Use scripts/deploy/utils/ray.sub to bring up a Ray cluster across multiple SLURM nodes and run your AutoModel deployment automatically. This script starts a Ray head and workers, manages ports, and launches a driver command when the cluster is ready.

  • Script location: scripts/deploy/utils/ray.sub

  • Upstream reference: See the NeMo RL cluster setup doc for background on this pattern: NVIDIA-NeMo RL cluster guide

Prerequisites#

  • SLURM with container support for srun --container-image and --container-mounts.

  • A container image that includes Export-Deploy at /opt/Export-Deploy.

  • Any model access/auth if required (e.g., huggingface-cli login or HF_TOKEN).

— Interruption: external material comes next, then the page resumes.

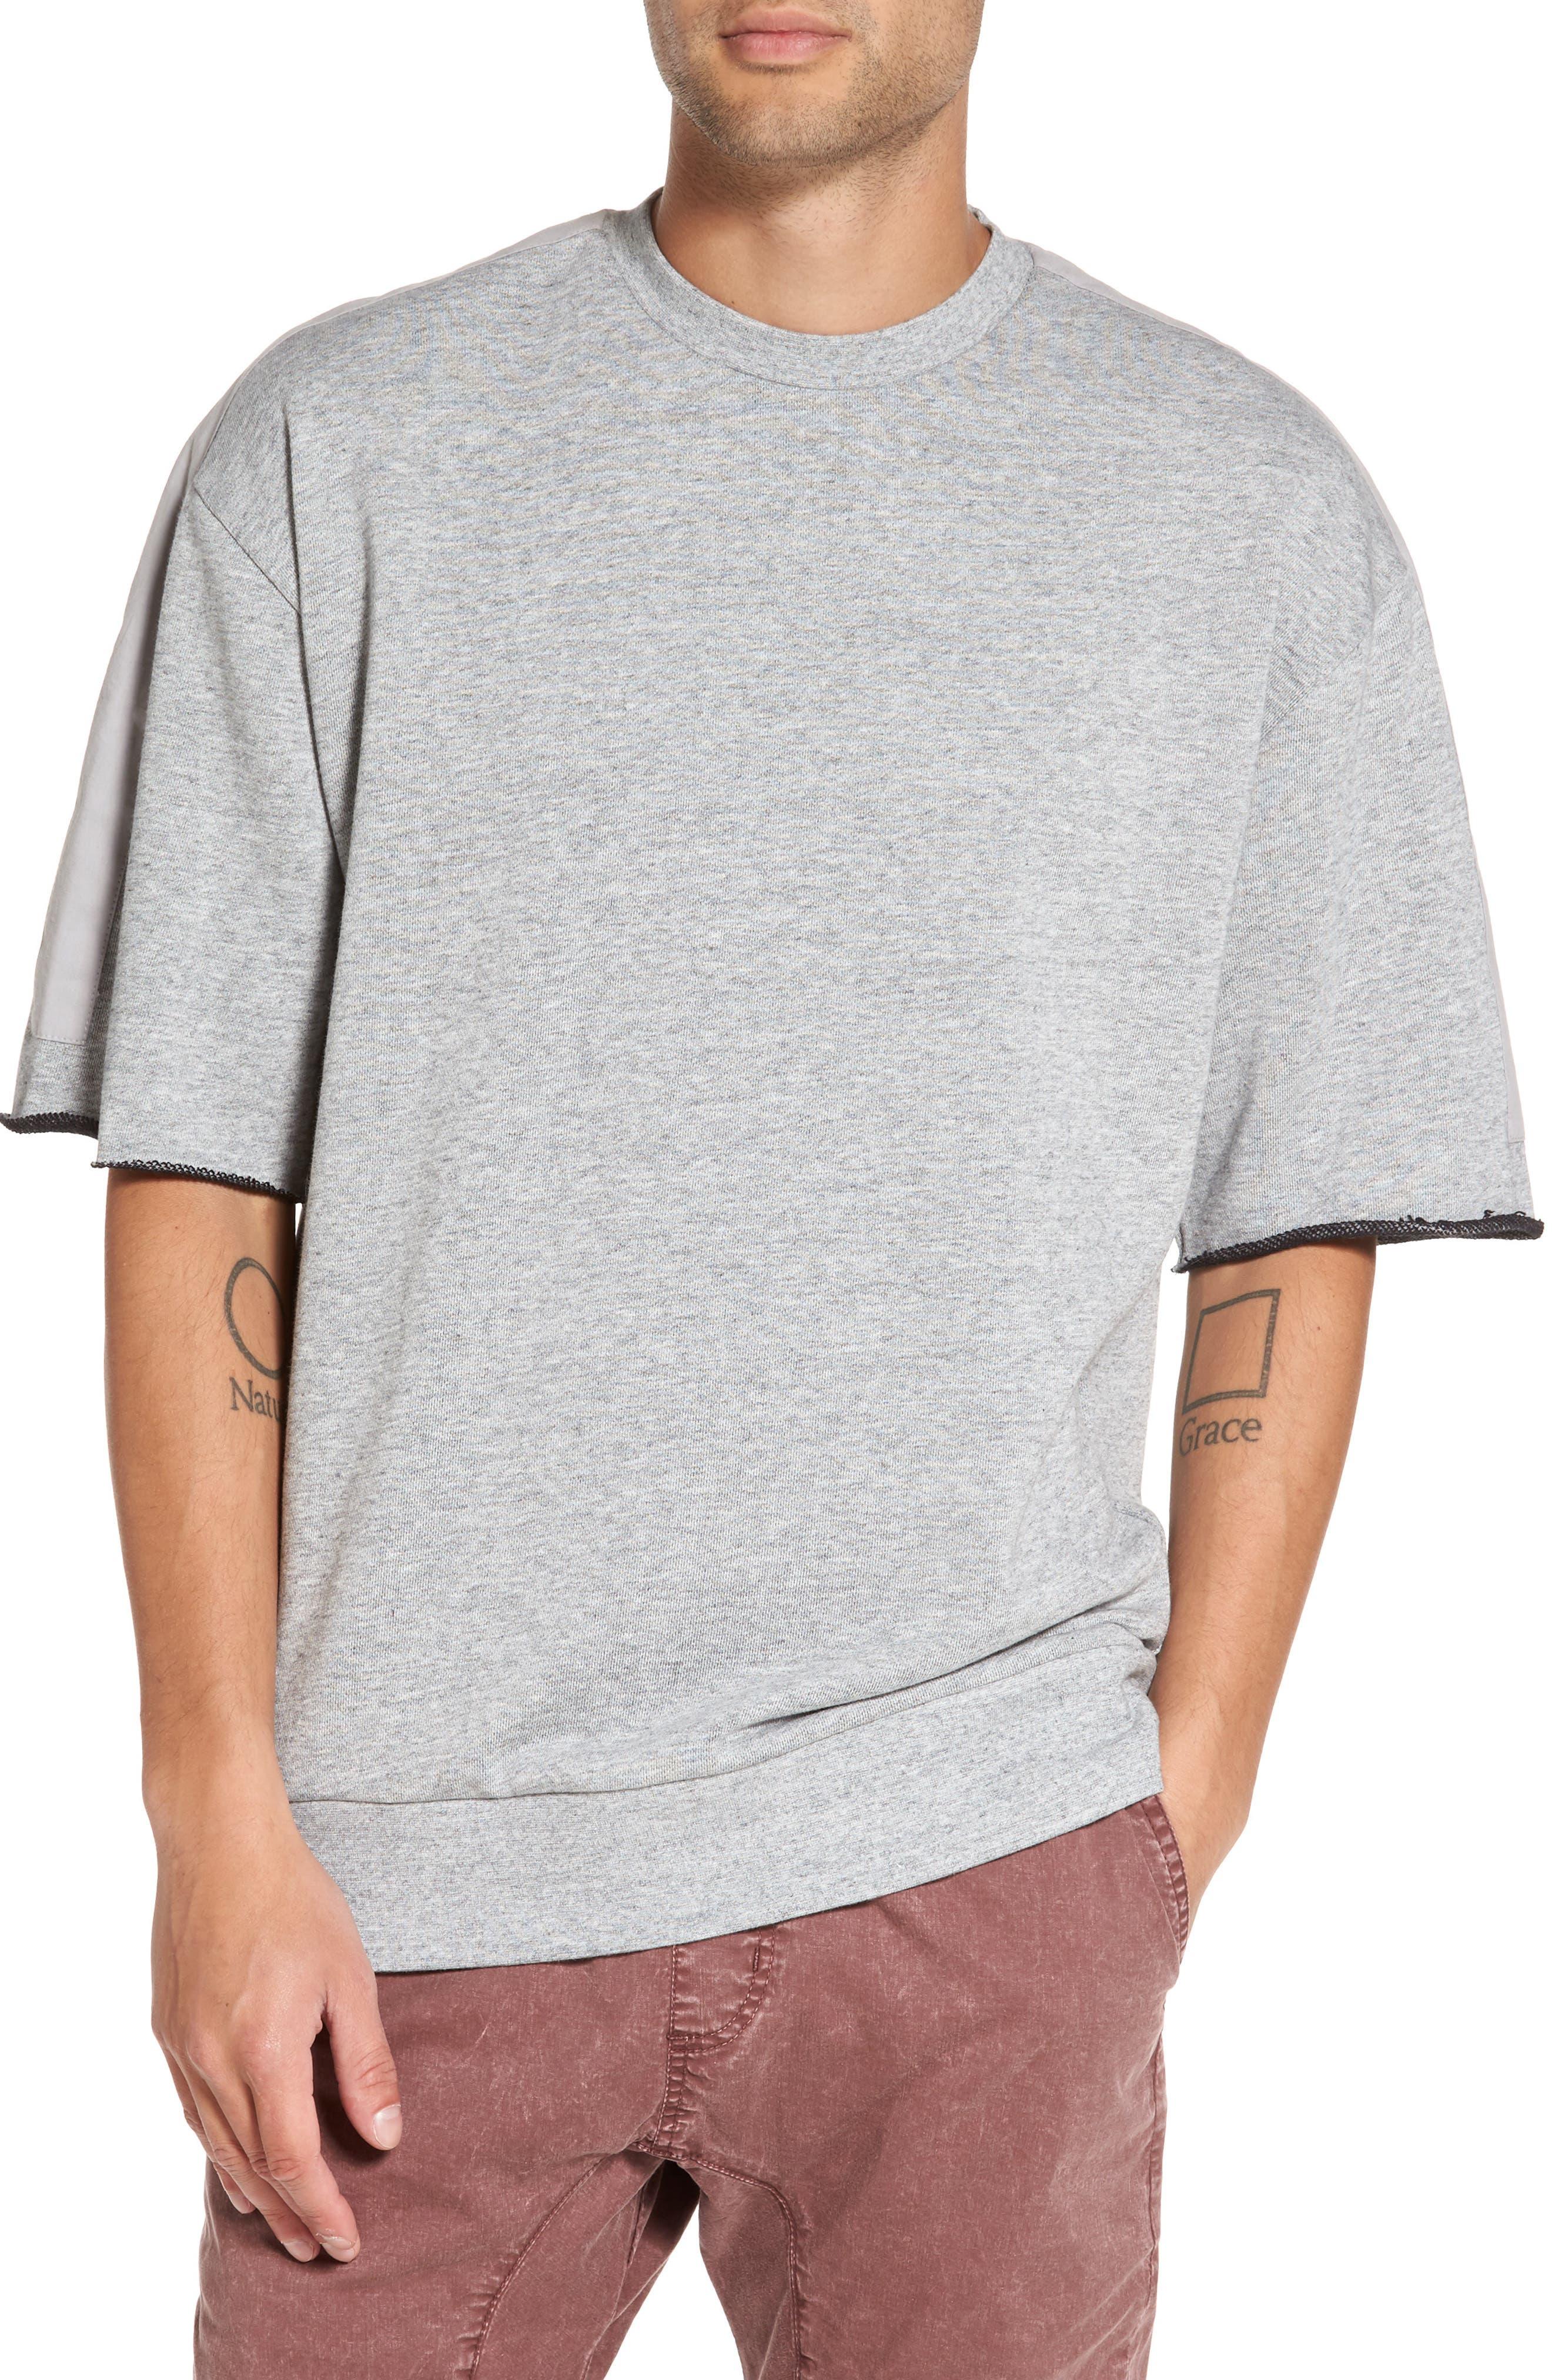 Alternate Image 1 Selected - ZANEROBE Rugger Oversize Half Sleeve Sweatshirt
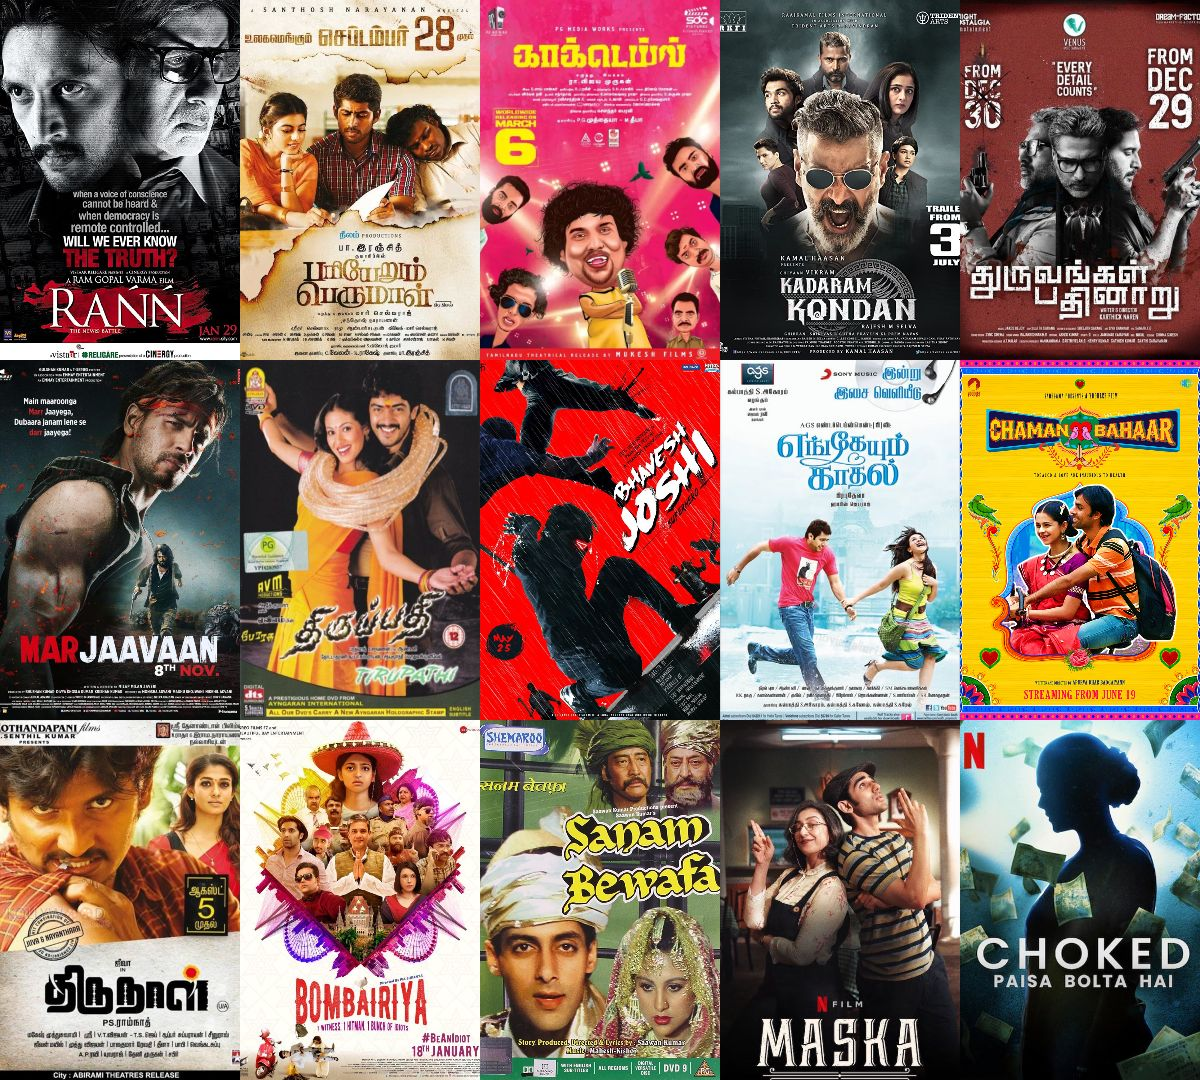 f:id:komeindiafilm:20200801090747j:plain

Quick start (2 nodes, 16 GPUs total)#

  1. Set environment variables used by ray.sub:

export CONTAINER=nvcr.io/nvidia/nemo:vr
export MOUNTS="${PWD}/:/opt/checkpoints/"
export GPUS_PER_NODE=8

# Driver command to run after the cluster is ready (multi-node AutoModel deployment)
export COMMAND="python /opt/Export-Deploy/scripts/deploy/nlp/deploy_ray_hf.py --model_path meta-llama/Llama-3.2-1B --model_id llama --num_replicas 16 --num_gpus 16 --num_gpus_per_replica 1"
  1. Submit the job:

sbatch --nodes=2 --account <ACCOUNT> --partition <PARTITION> \
  --job-name automodel-ray --time 01:00:00 \
  /opt/Export-Deploy/scripts/deploy/utils/ray.sub

The script will:

  • Start a Ray head on node 0 and one Ray worker per remaining node

  • Wait until all nodes register their resources

  • Launch the COMMAND on the head node (driver) once the cluster is healthy

  1. Attaching and monitoring:

  • Logs: $SLURM_SUBMIT_DIR/<jobid>-logs/ contains ray-head.log and ray-worker-<n>.log.

  • Interactive shell: the job creates <jobid>-attach.sh. For head: bash <jobid>-attach.sh. For worker i: bash <jobid>-attach.sh i.

  • Ray status: once attached to the head container, run ray status.

  1. Query the deployment (from within the head container):

python /opt/Export-Deploy/scripts/deploy/nlp/query_ray_deployment.py \
  --model_id llama --host 0.0.0.0 --port 1024

Notes#

  • Set --num_gpus in the deploy command to the total GPUs across all nodes; ensure --num_gpus = --num_replicas × --num_gpus_per_replica.

  • If your cluster uses GRES, ray.sub auto-detects and sets --gres=gpu:<GPUS_PER_NODE>; ensure GPUS_PER_NODE matches the node GPU count.

  • You usually do not need to set --cuda_visible_devices for multi-node; Ray workers handle per-node visibility.